Fetuin-A is a multifunctional molecule secreted by the liver [20]. In the context of previous studies have demonstrated that Fetuin-A has emerged as a biomarker for risk of type 2 diabetes [3-8]. However, none of these studies investigated the relationships between plasma Fetuin-A level with clinical characteristics in patients with nT2DM.

Type 2 diabetes mellitus is a major risk factor for cardiovascular disease [15,16]. In the present study, we found that plasma Fetuin-A levels were elevated in patients with nT2DM compared with NGT group. Dyslipidemia is elevation of total cholesterol, triglyceride and small dense LDL-C concentrations with a low plasma HDL-C levels.
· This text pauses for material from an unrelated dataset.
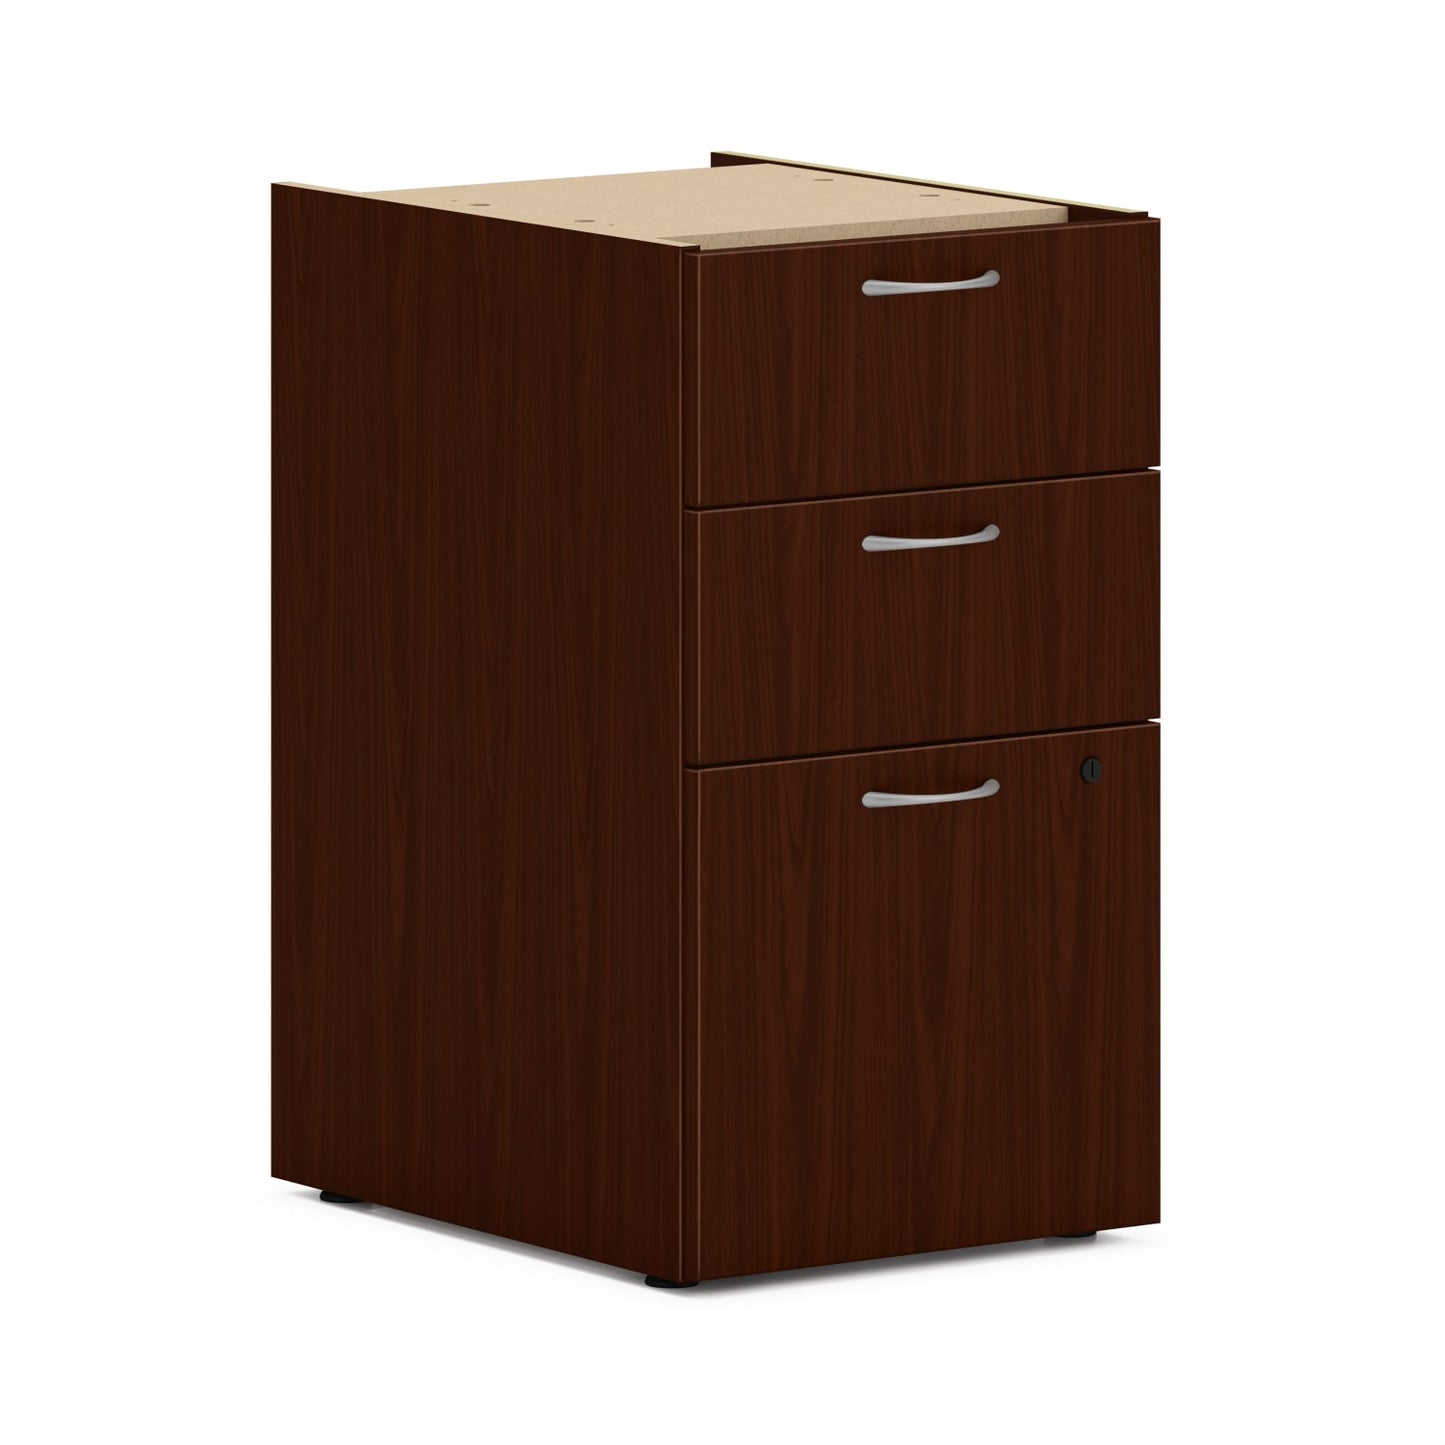 HON Mod Support Pedestal | 2 Box / 1 File Drawer | 15"W x 20"D x 28"H | Traditional Mahogany Finish

HDL-C has a protective role in atherosclerosis, because it can remove cholesterol from cells in the artery wall [21]. A previous study have demonstrated that plasma Fetuin-A levels is absolutely related with visceral obesity and dyslipidemia [22]. In agreement with previous studies, we demonstrated that higher fetuin-A concentrations were independently associated with clinical parameters. In the current study, we found that plasma Fetuin-A levels was positively and significantly correlated with LDL-C and triglyceride, but negatively with HDL-C. In addition, plasma Fetuin-A levels were associated with BMI, SBP, HbA1c, FBG and 2 h OGTT. However, in contrast to our study, a previous study reported that Fetuin-A showed positive association with ABI and no significant correlations with metabolic parameters [23]. Another study reported that Fetuin-A levels do not correlate with some clinical and metabolic parameters as BMI, BP, total cholesterol, HDL and triglyceride in T2DM patients with early diabetic nephropathy [24]. Moreover, in our study, multivariate regression analysis indicated that Fetuin-A levels were independently associated with FBG, 2 h OGTT, HOMA-IS, TG, and CIMT. However, we found that fetuin-A concentrations were not significantly associated with (eGFR), age and gender in our study. Thus, reviewing the existing data as well as the results obtained in our study, the significance of plasma Fetuin-A levels is controversial whether it is a good marker for diabetic micro- and macrovascular complications.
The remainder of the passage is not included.